▶ **SOURCE MATERIAL**

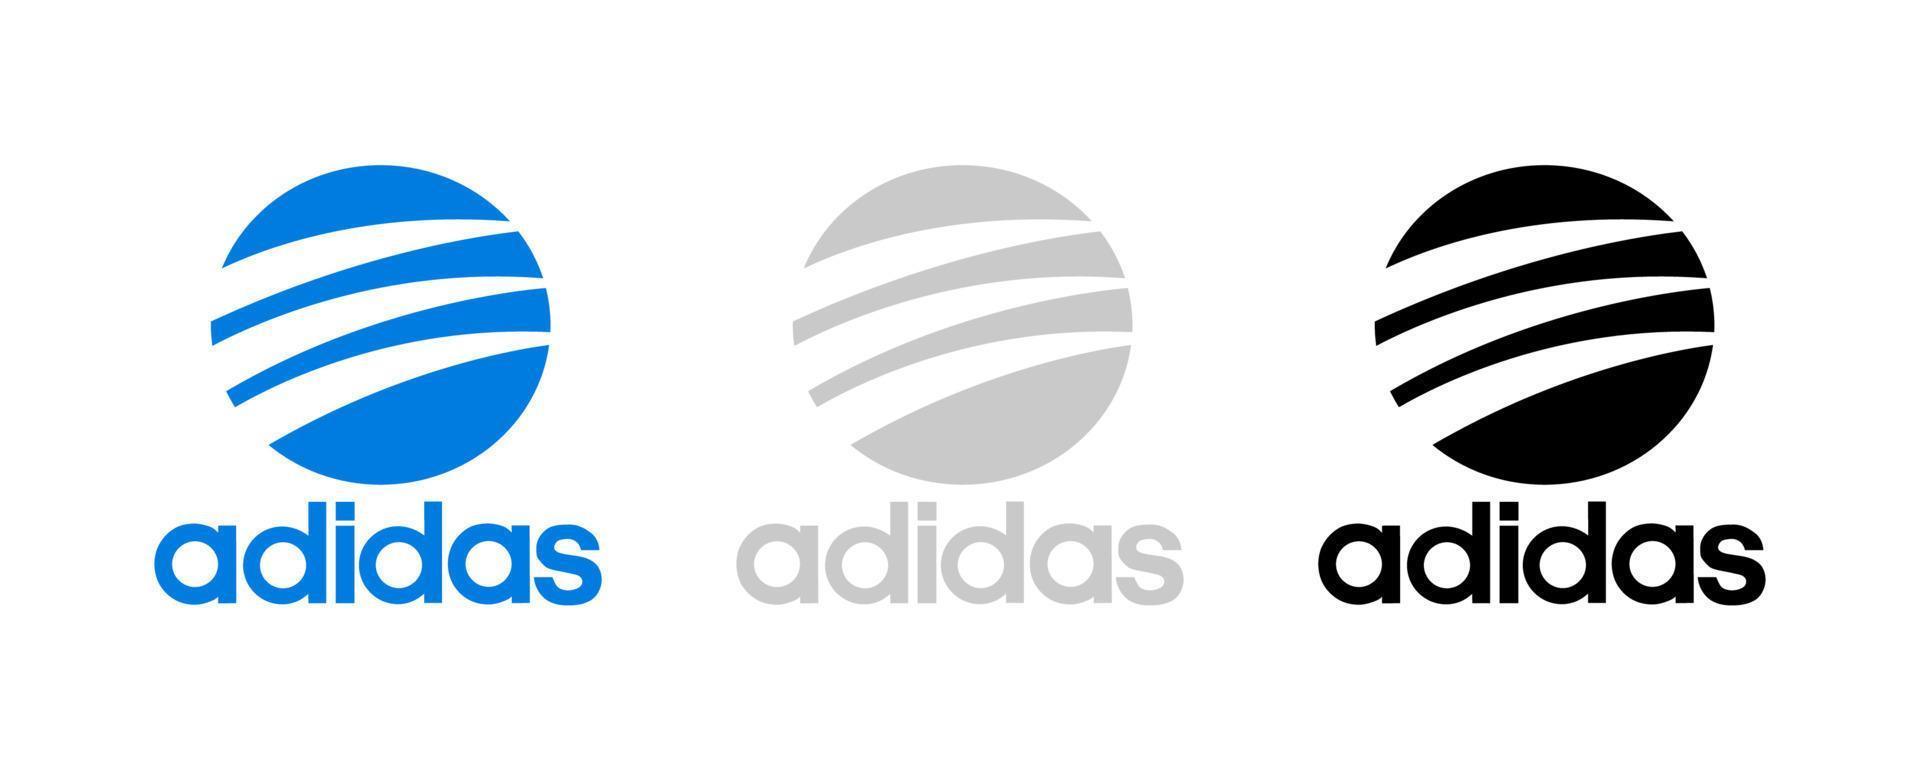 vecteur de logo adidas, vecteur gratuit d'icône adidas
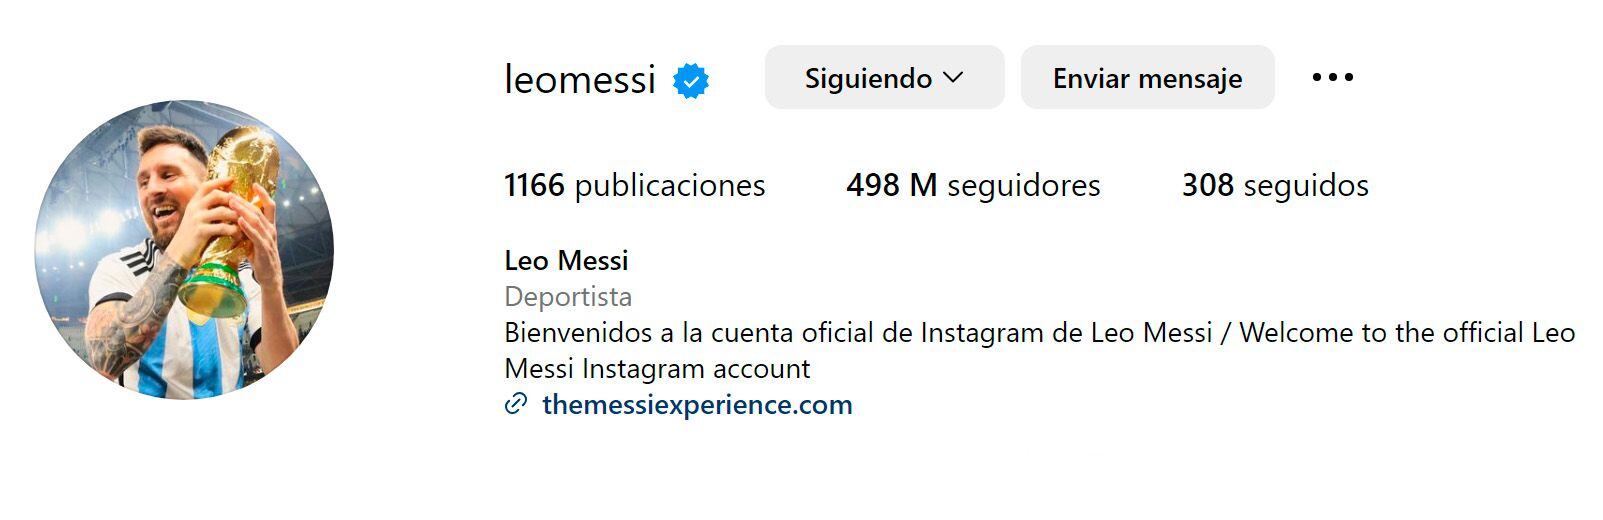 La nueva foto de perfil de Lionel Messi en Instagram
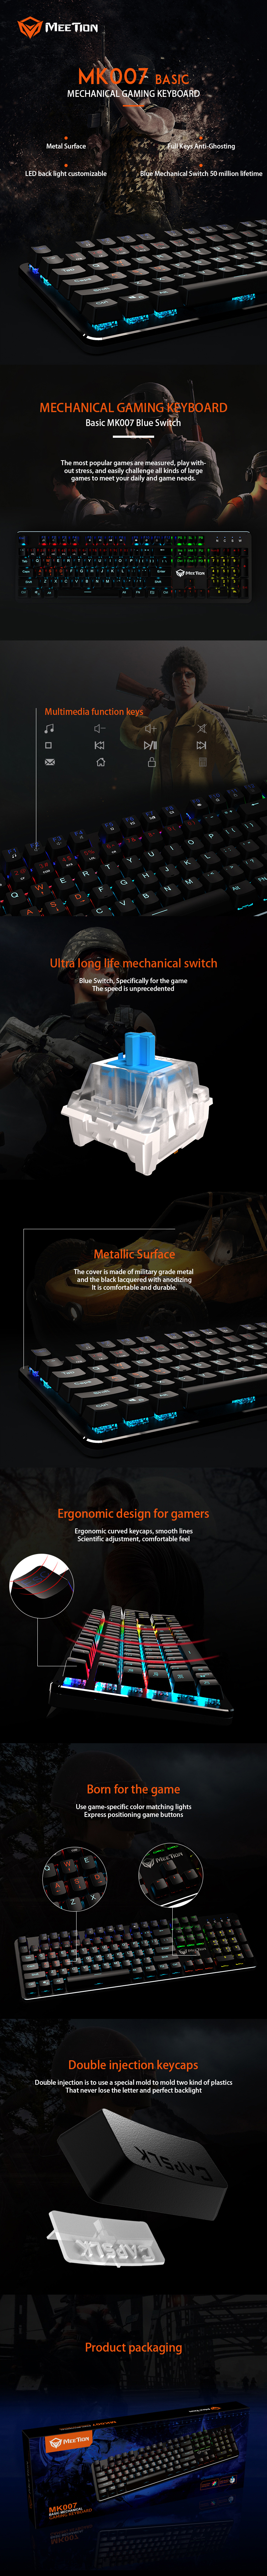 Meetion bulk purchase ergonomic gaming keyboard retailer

▶ **WORK INSTRUCTIONS**
After locating the line that holds "La nueva foto", output exactly the lines from it through the last line of the material above, inclusive, without pictures.

▶ **ANSWER SECTION**
 La nueva foto de perfil de Lionel Messi en Instagram
 Meetion bulk purchase ergonomic gaming keyboard retailer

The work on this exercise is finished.